As I wrote, I'm willing to accept my share of criticism for having known in general terms about the matching deal for a while and not making a bigger deal of it, as Salon did. My latest column makes amends for that by examining in some detail the deal the New York Times cut with the drug czar.

-- Josh (not Jeff) Gerstein

ABCNEWS

Smoke in his eyes
BY JAKE TAPPER
(01/22/00)

It should not be relevant to a campaign that Al Gore, or any other presidential candidate, smoked pot or used any other kind of drug. These guys are my generation, the baby boomers. We all smoked pot. Too much time is wasted trying to find out who did what. Forget about it.

-- Sara Hall

Even if this story is true and this mentally ill fellow's story is promoted by the press, Al Gore's honest admission of pot use years ago is a lot better than G.W. Bush's dishonest waffling on his probable use of a far more dangerous drug, cocaine. I dare you to go down to Texas and investigate that.

-- Aleck Bansa

Tapper fails to emphasize, or even note, that this story was first seen by most Web-heads at Matt Drudge's site, and not the other sites mentioned in Tapper's piece. This is important to note because Michael Isikoff, Newsweek's chief anti-Clinton/Gore reporter and VRWC (vast right-wing conspiracy) conspirator, uses Drudge as point man to break those journalistically dubious stories that a respectable periodical dare not be the first to touch.

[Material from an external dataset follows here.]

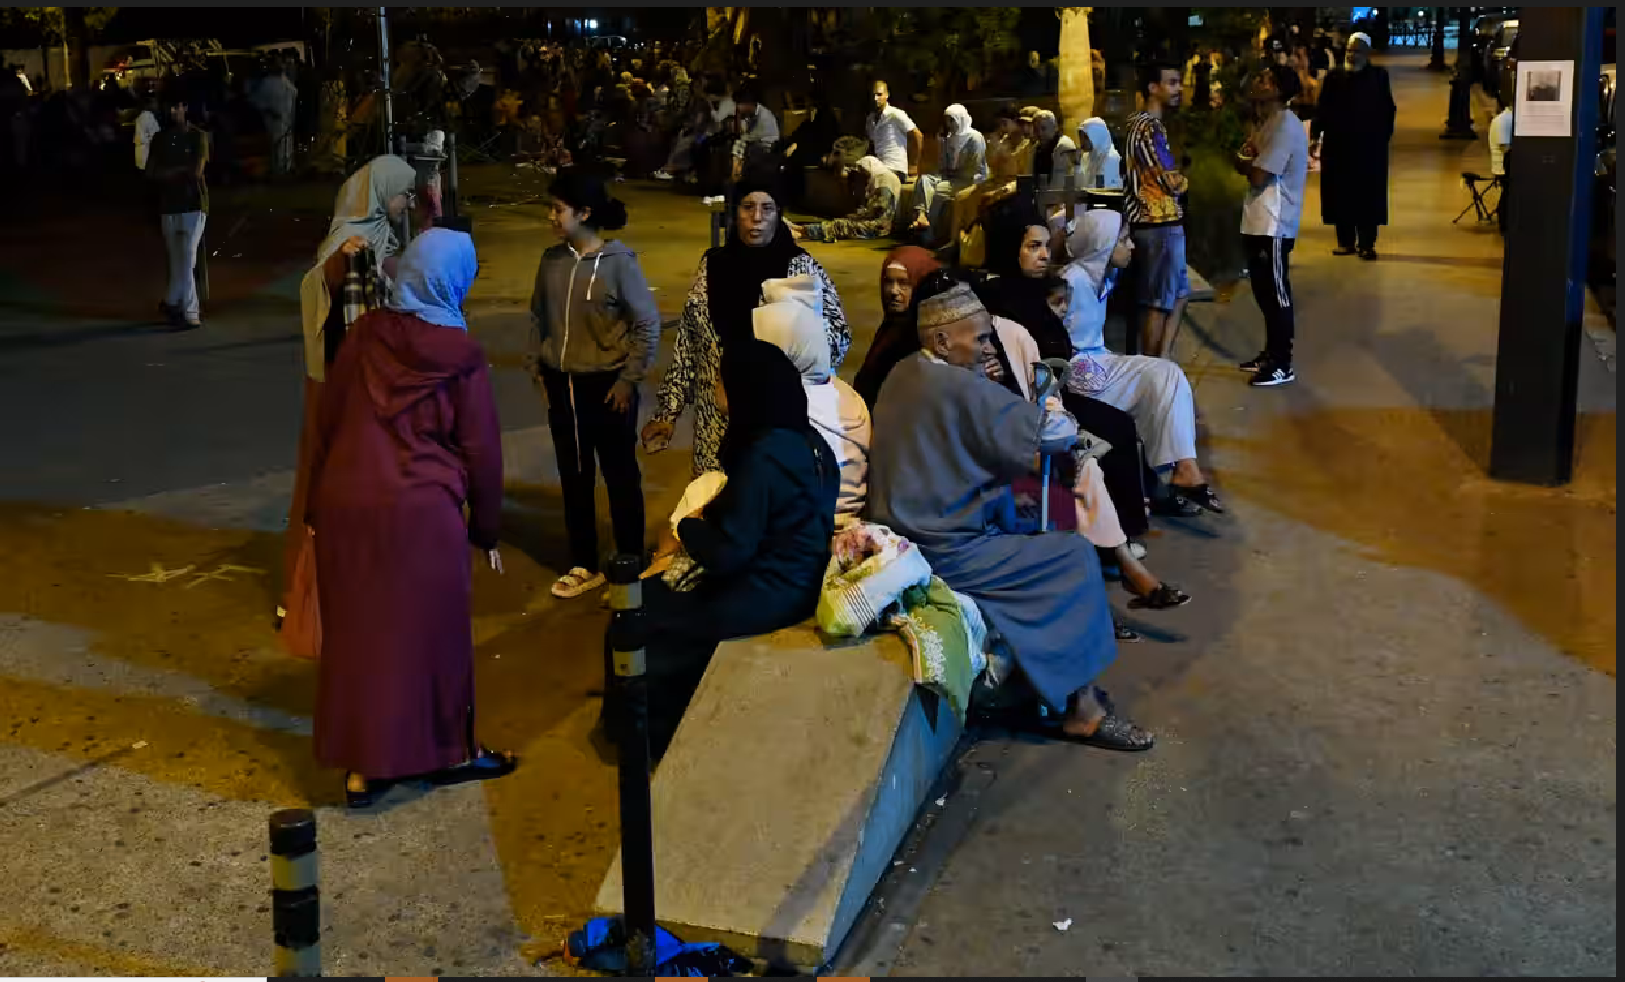 Devastating 6.8 Magnitude Earthquake Claims Over 800 Lives in Morocco: Egypt Expresses Solidarity Condolences Extended The Egyptian Ministry of Foreign Affairs expressed condolences to the Kingdom of Morocco following a destructive 6.8 magnitude earthquake that struck the High Atlas Mountain range on Friday night.

The fact that Newsweek, usually so eager to jump on anti-Clinton/Gore stories, is in fact very carefully scrutinizing each portion of [former Gore friend] John Warnecke's tale before publishing it, is a telling sign that Warnecke's story stinks like week-old used diapers.

-- Tamara Baker

Skulls in the Closet
BY STEPHEN PROTHERO
(01/21/00)

It seems to me that your magazine is solely concerned with trying to demean everything Gov. Bush has done in his past, the associations to which he belonged and his record of accomplishments here in Texas. I understand that people in Boston, particularly the author of this story, do not quite understand the governor's record. However, I would be shocked to find out if the author has visited the great state of Texas and really analyzed the governor's achievements. Having said that, I would welcome a chance to visit with the author and discuss with him the issues that Texans and most Americans care about and focus less on the things that he highlights in this article. As the second largest state and the world's 11th largest economy, one would think that there are more substantive issues to spend time discussing.

-- Chris Chapman

In Prothero's "exposi" on Skull and Bones, his technique was ludicrous: Take legitimate arguments against Bush, throw in some commentary on diversity and class divisions, then run that alongside some rumors and century-old "history" and make Skull and Bones look like some latter-day Illuminati.

I'm a member of the oldest social fraternity in North America, also a secret society and seven years older than Bones. Our members include William Bennett and a fair number of the folks who ran Canada during World War II. No one outside of us gives a damn about our secrets, nor should they -- any freshman level sociology class will tell you why they work to help build groups of this nature.

You want to worry about elitism, class divisions and Ivy League schools perpetuating old boy networks of entrenched power? Fine -- take a whack at the $30,000 tuition that precludes many qualified students from attending. But don't be a pissant about what they choose to do when they get there.

-- Jeff Porten

While Prothero illustrates that secret societies are an anachronism, his whole article smacks of jealousy. Succeeding in politics, and business for that matter, has always been more about who you know than what you know. Did he miss this harsh life lesson at Yale when he wasn't chosen to be "tapped"?